Oh, and further, I have seen a comment floating around that she thought about making Dean/Seamus canon but ‘thought it would detract from the main characters/story’. No. It wouldn’t. A line about them going to the ball together. A kiss when they reunite in the Room of Requirement. A sentence about them standing on Platform 9 ¾ with Junior Thomas-Finnegan, waving him off to school. Any of these things would have taken a few sentences at most, but would have given queer kids representation, and couple of characters they had grown to know and love that they could now identify with. What JKR means when she says ‘detract’ is that she chose, deliberately to a) practice erasure and b) conform to heteronormative standards as to how we portray children before they are of sexual majority, to which I say fuck you.

See, Rowling largely operates Harry’s generation in a clear system of parallels to the previous generation, Marauders and all. Harry is his father—Quidditch star, a little pig-headed sometimes, an excellent leader. Ron is Sirius Black—snarky and fun, loyal to a fault, mired in self-doubts. Hermione is Remus Lupin—book smart and meticulous, always level-headed, unfailingly perceptive. Ginny is Lily Evans—a firecracker, clever and kind, unwilling to take excuses. Draco Malfoy is Severus Snape—a natural foil to Harry, pretentious, possessed of the frailest ego and also deeper sense of right and wrong when it counts. And guess what? Neville Longbottom is Peter Pettigrew.

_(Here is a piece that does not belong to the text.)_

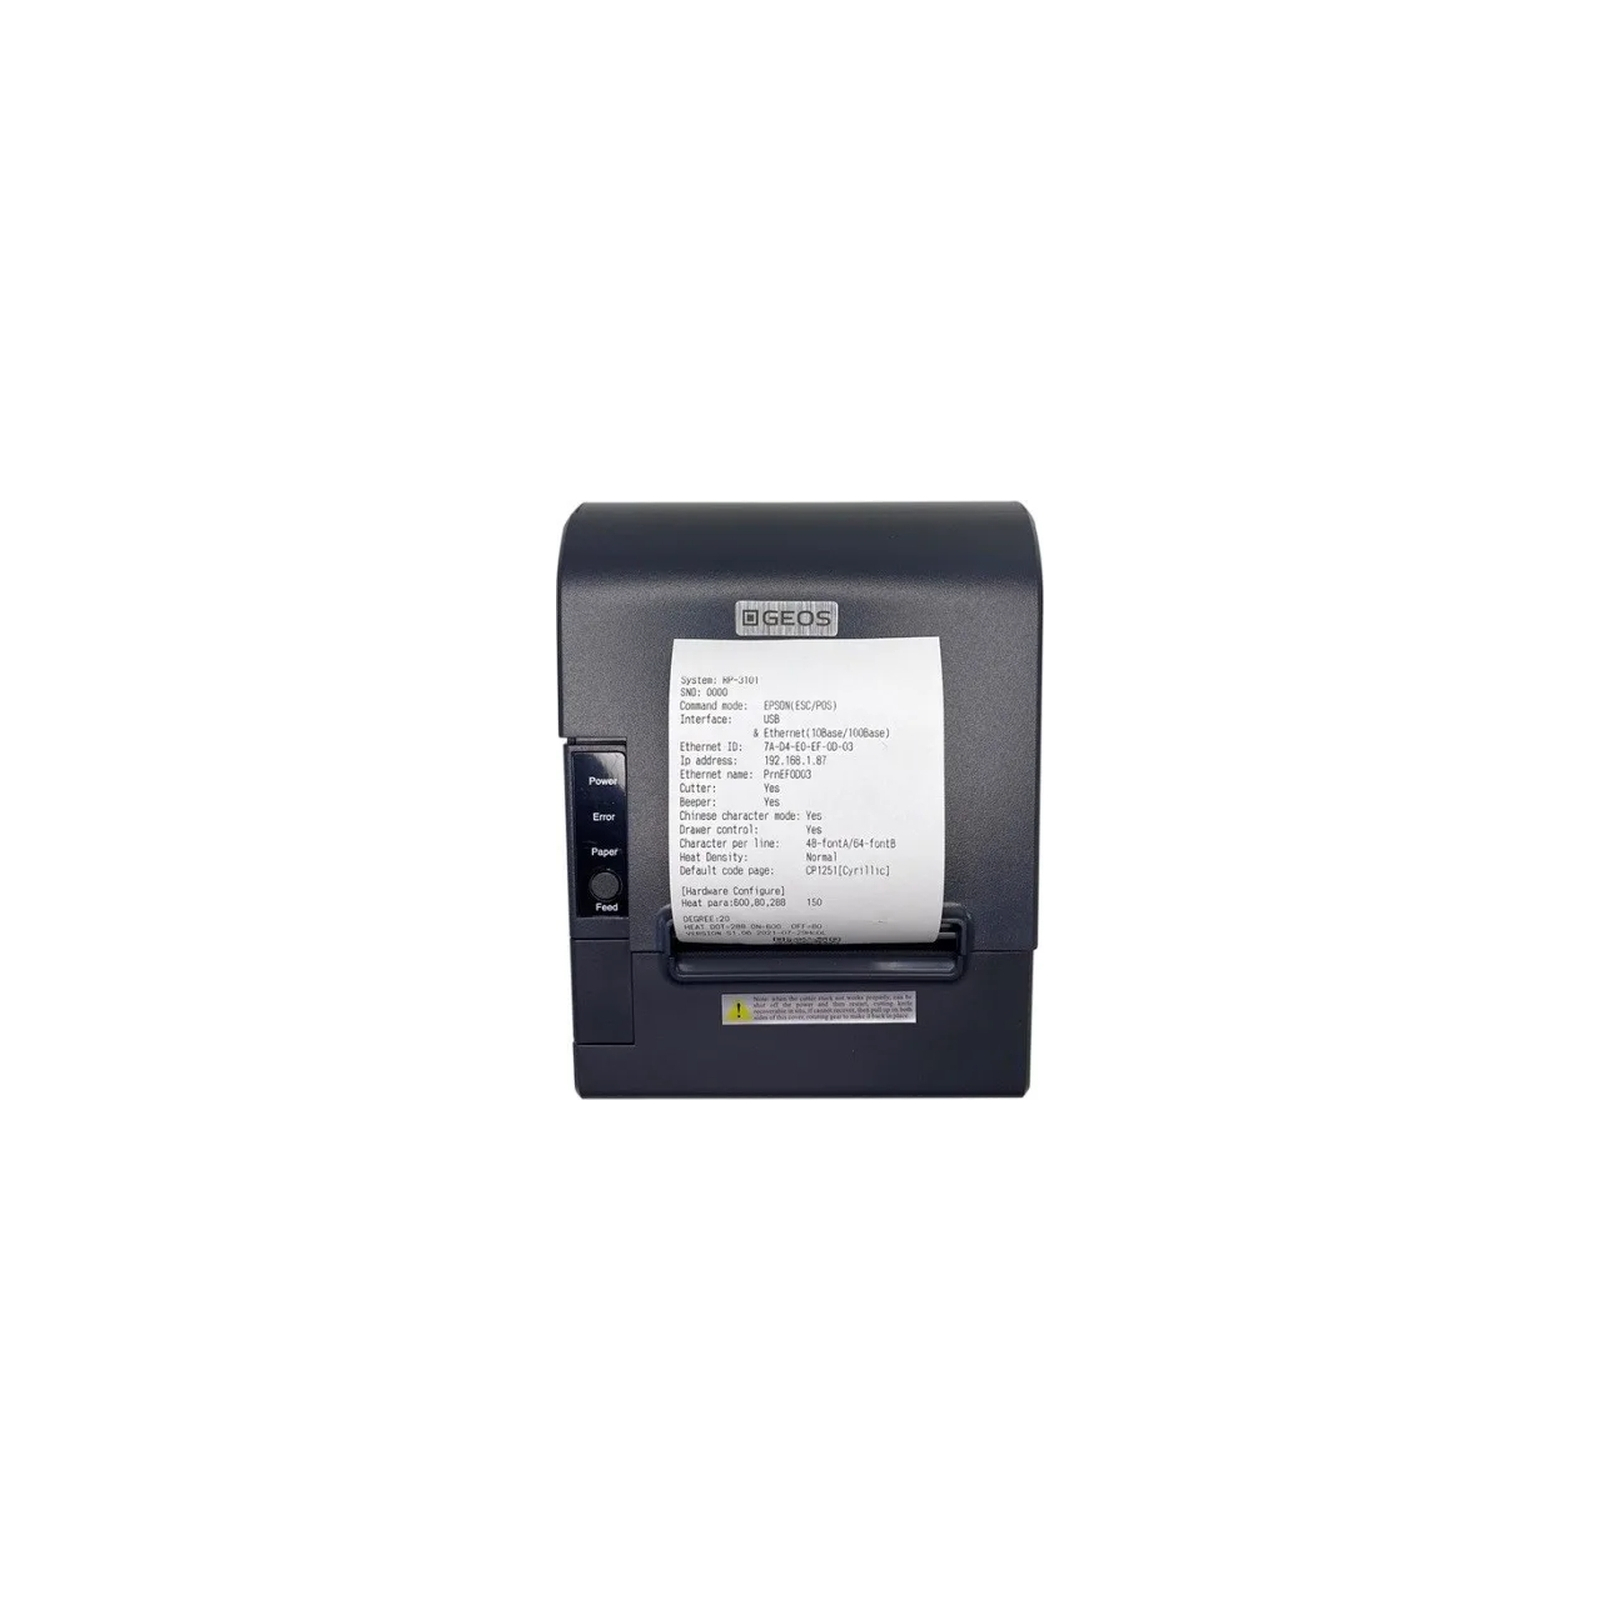 Принтер чеков Geos RP3101 с разделителем 58-80мм, USB, Ethernet (RP3101 divider 58/80) изображение 4
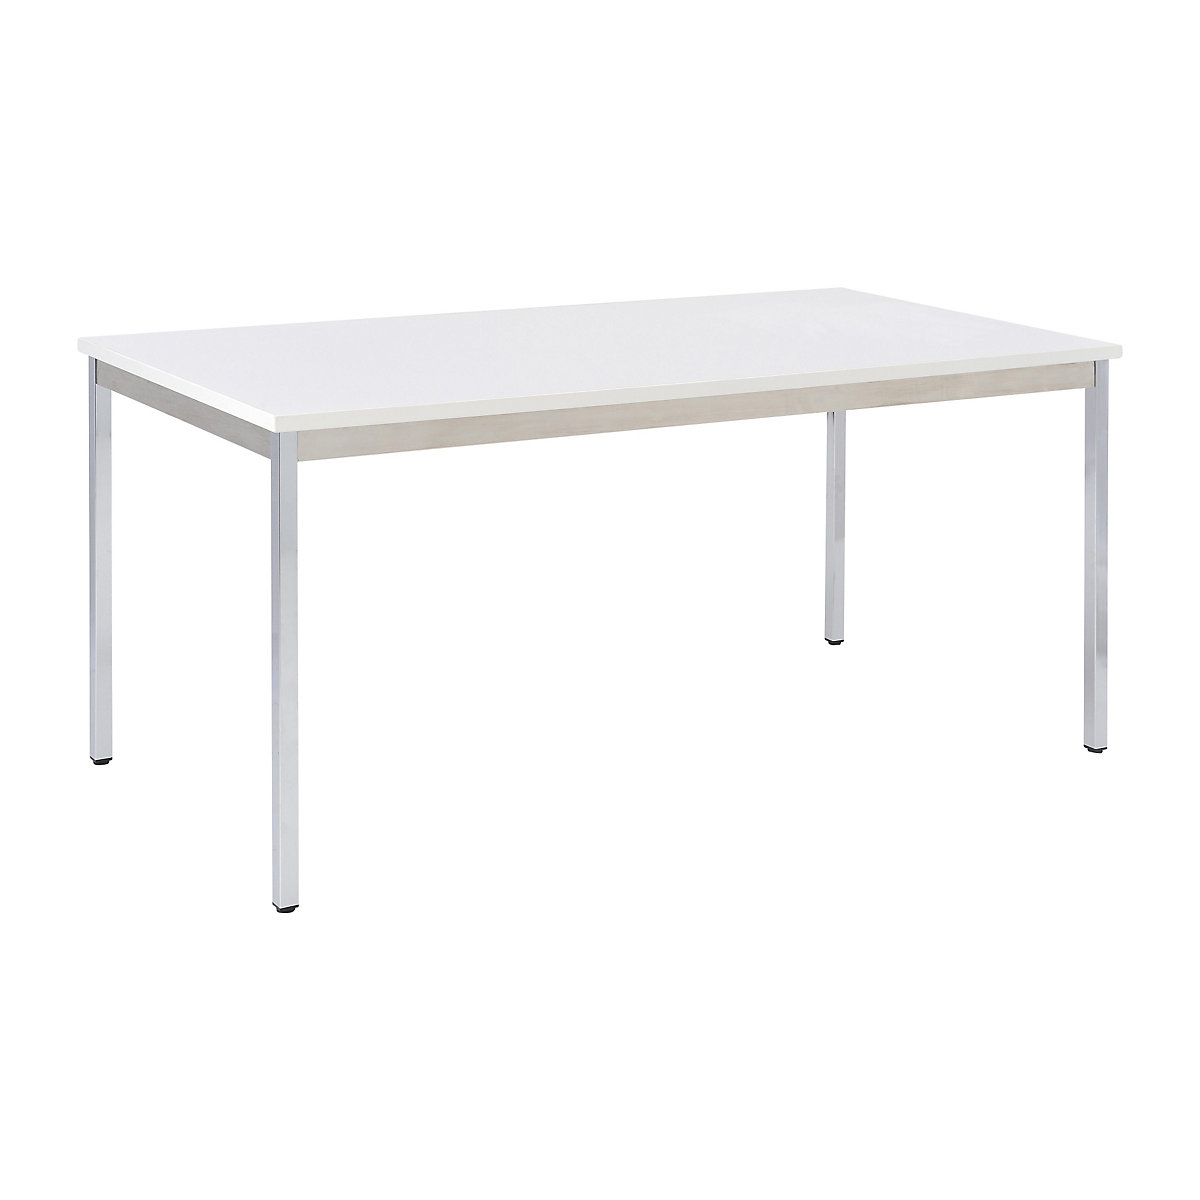 Multipurpose table – eurokraft basic, rectangular, WxH 1400 x 740 mm, depth 700 mm, light grey top, chrome plated frame-13

Neville is a perfect example of how one single ingredient in the recipe can either ruin your casserole (or stew, or treacle tart, whatever you like), or utterly perfect your whole dish. Neville is the tide-turner, the shiny hinge. And all because he happens to be in the same position as Wormtail… but makes all the hard choices that Pettigrew refused the first time around. Other characters are in similar positions, but none of them go so far as Neville. None of them prove that the shaping of destiny is all on the individual the way he does.